Wednesday, November 23, 2011

Joy of Cooking Gets All Snarky about My Turkey

Maybe it’s strange but I love reading cookbooks. Flip through one and you get so much more than a collection of recipes. Old cookbooks are glimpses into the past. I’ve got a 1960’s book that tells me how to talk to my neighborhood butcher. It also contains cool, quirky photos of dishes that would look at home on the set of Mad Men. My favorite is a “crown roast” constructed out of hot dogs.
Many cookbooks have a voice. I’m thinking of course of Julia’s Child’s Mastering the Art of French Cooking. I can’t make her potato and leek soup without hearing her distinctive accent in my ear. Julia seems so imposing and authoritative.

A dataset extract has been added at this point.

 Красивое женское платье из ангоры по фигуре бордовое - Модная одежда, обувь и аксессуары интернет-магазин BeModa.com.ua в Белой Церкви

When I do her beef bourguignon I close the book when I come to the part where I’m going to skip steps. I just don’t want her to know that I can’t be bothered sautéing mushroom slices in small batches or that I’m too lazy to towel off my beef chunks.
The voice in my Victory Garden Cookbook, which I’m assuming belongs to the author, Marian Morash, is more forgiving.

Marian, going by her picture on the cover, is so happy and perky surrounded by massive heads of lettuce in her farmhouse kitchen. She’s always referring to her husband Russ, who I imagine is out in the garden doing the sweaty stuff while Marian follows behind with her big basket collecting the bounty. Marian makes beets sound so good I decided to grow them even though no one in my family including me likes beets at all. FYI: They do have pretty purplish leaves you can use in salad.
One of the funniest cookbooks (yes, funniest) is Being Dead is No Excuse by Gayden Metcalfe and Charlotte Hays.

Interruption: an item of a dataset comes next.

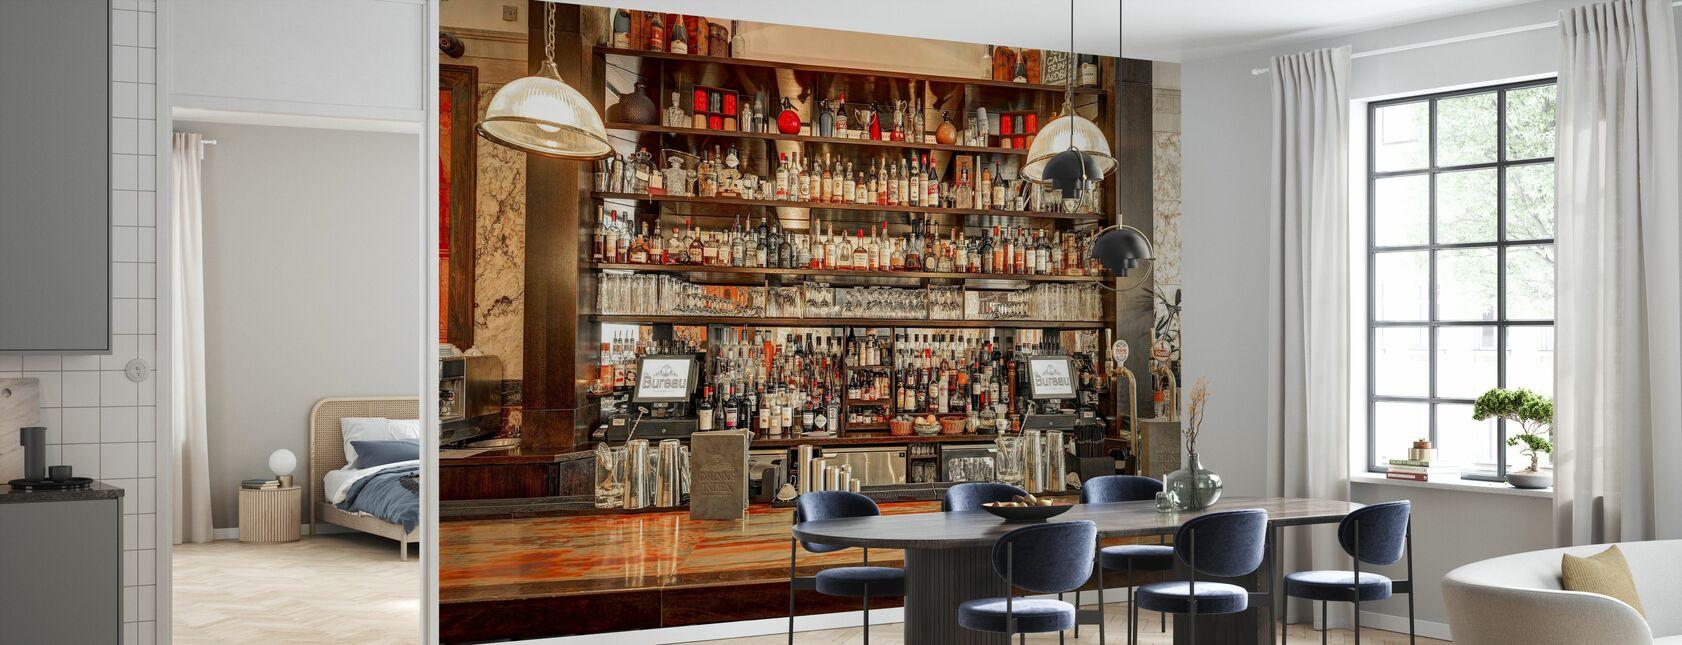 Bar i Birmingham Norge - Tapet - Kjøkken

Sandwiched around super-rich, cholesterol clogging casserole recipes are tidbits about small town Southern life. And death. My favorite story is about a Southern girl who left home and returns after many years for a funeral. She rolls her eyes at the table laden with cream of chicken soup soaked concoctions and says something snarky like, “who on earth brought that canned pea casserole?” To which her mother replies, “I did.” The girl, without missing a beat, grabs the ladle, plops a big helping on her plate and says, “And Mama, don’t you ever stop.”
Snark is not something you often find in a cookbook. So when you do come across it, it’s always fun. Take Joy of Cooking by Irma. S. Rombauer. Many Thanksgivings ago I was using the book as a reference and I came across this little passage:
Today “roasting” (turkey) in aluminum foil has become popular because no basting is needed. So, if you decide, despite our Cassandra warnings about this method, that you’d rather clean the attic, improve your serve, or write Chapter IX of the Great American Novel than to baby-sit a bird, go ahead with the foil and take the consequences—which will be steamed rather than roasted.

You can almost hear Irma muttering the word, Idiot, under her breath.

1 comment:

  1. Yes, I avoid even *thinking* that I am trying to write the Great American Novel because of cookbook ladies and their ilk. The truth is I'd rather be writing the Wretched Novel than babysitting a bird but I don't think I'd admit that to Irma.